Data for the task below:
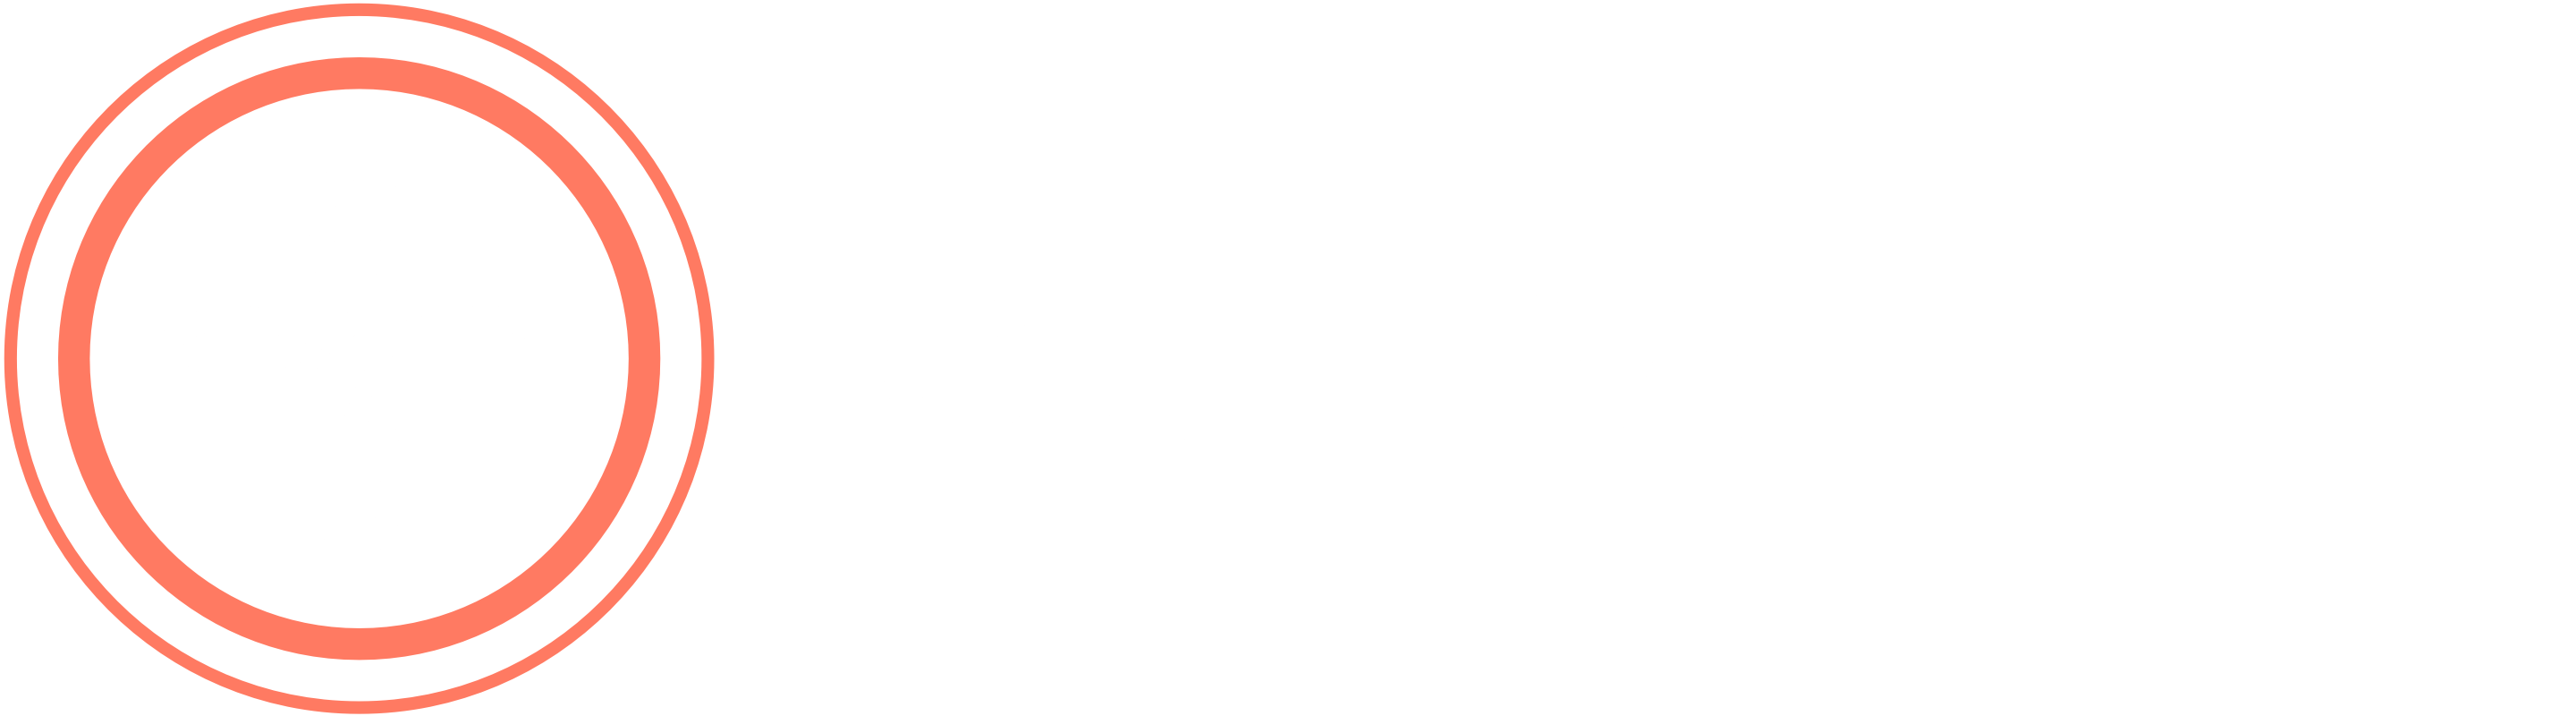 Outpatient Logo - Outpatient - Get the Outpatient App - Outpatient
End of Data for the task.
Data for the task below:
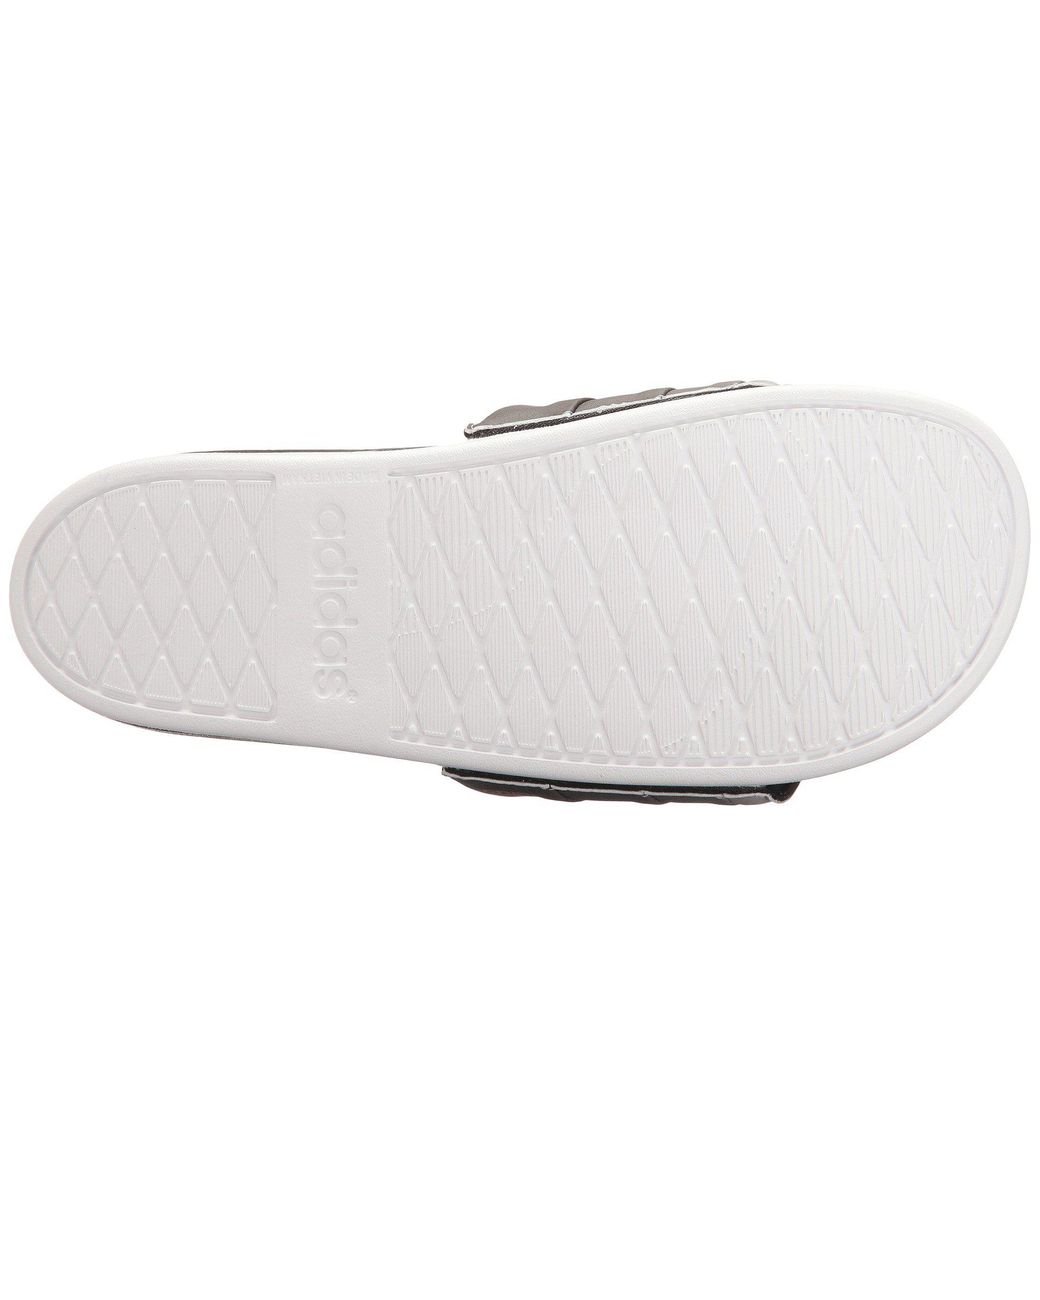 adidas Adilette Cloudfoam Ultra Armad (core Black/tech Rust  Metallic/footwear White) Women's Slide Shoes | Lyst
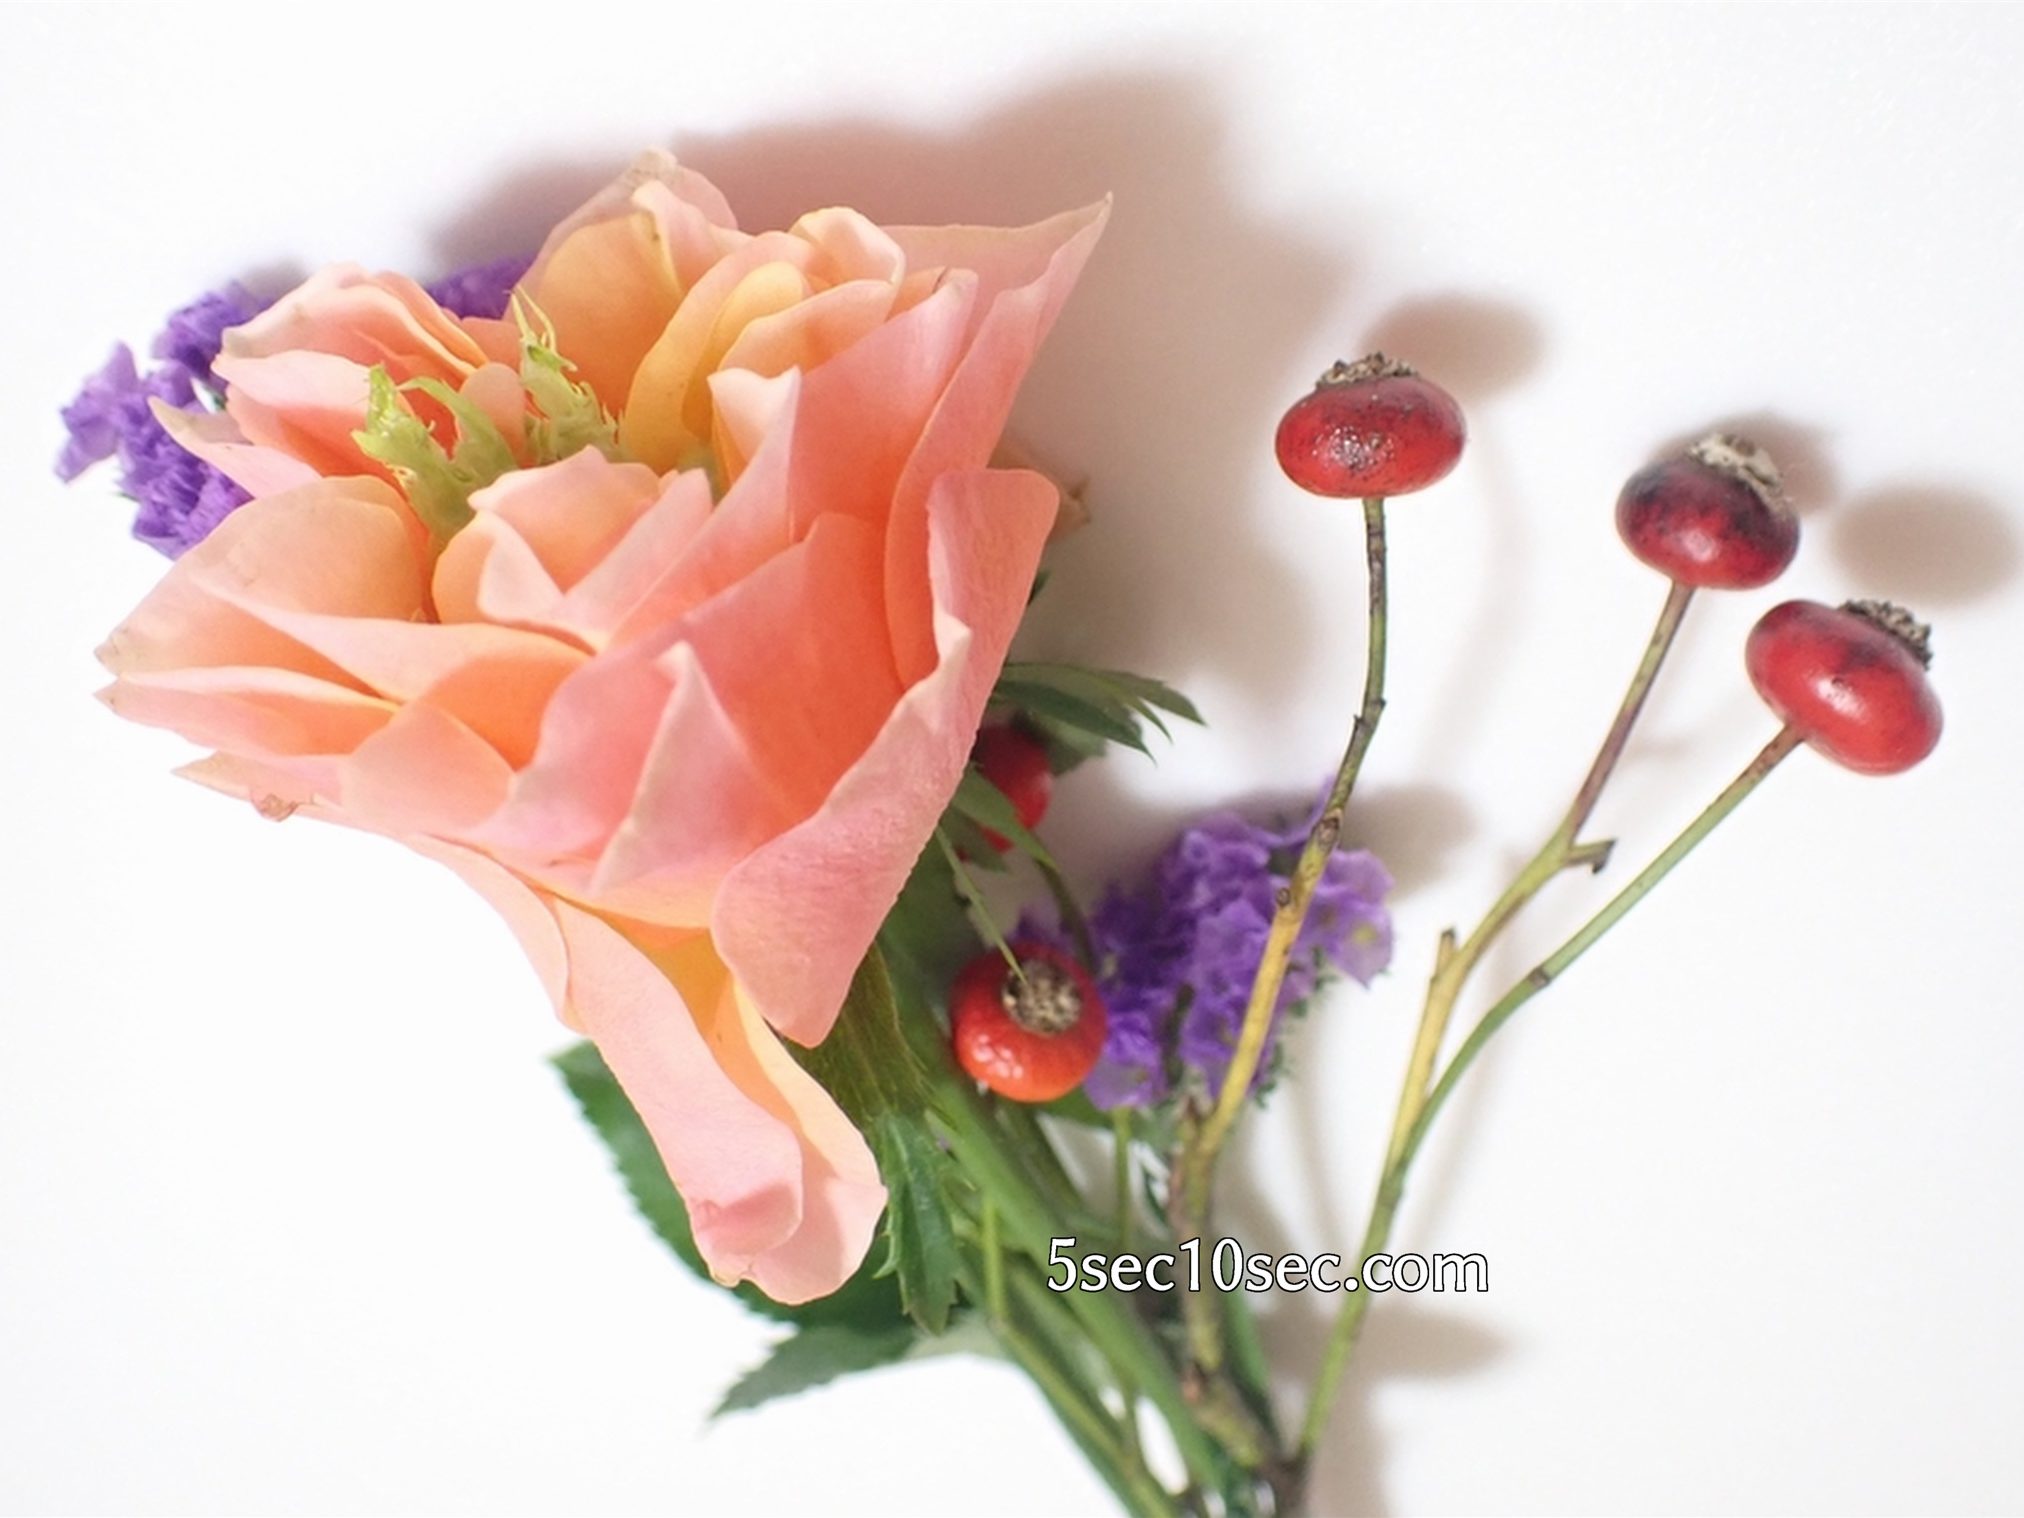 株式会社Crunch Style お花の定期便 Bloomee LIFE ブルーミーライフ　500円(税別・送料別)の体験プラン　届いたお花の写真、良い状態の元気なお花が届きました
End of Data for the task.
_Task instructions_
Using the records above, print exactly the run of lines that starts with the line with "adidas Adilette Cloudfoam" and goes on through the line with "株式会社Crunch Style お花の定期便", pictures excluded.

_Expected answer_
 adidas Adilette Cloudfoam Ultra Armad (core Black/tech Rust  Metallic/footwear White) Women's Slide Shoes | Lyst
 株式会社Crunch Style お花の定期便 Bloomee LIFE ブルーミーライフ　500円(税別・送料別)の体験プラン　届いたお花の写真、良い状態の元気なお花が届きました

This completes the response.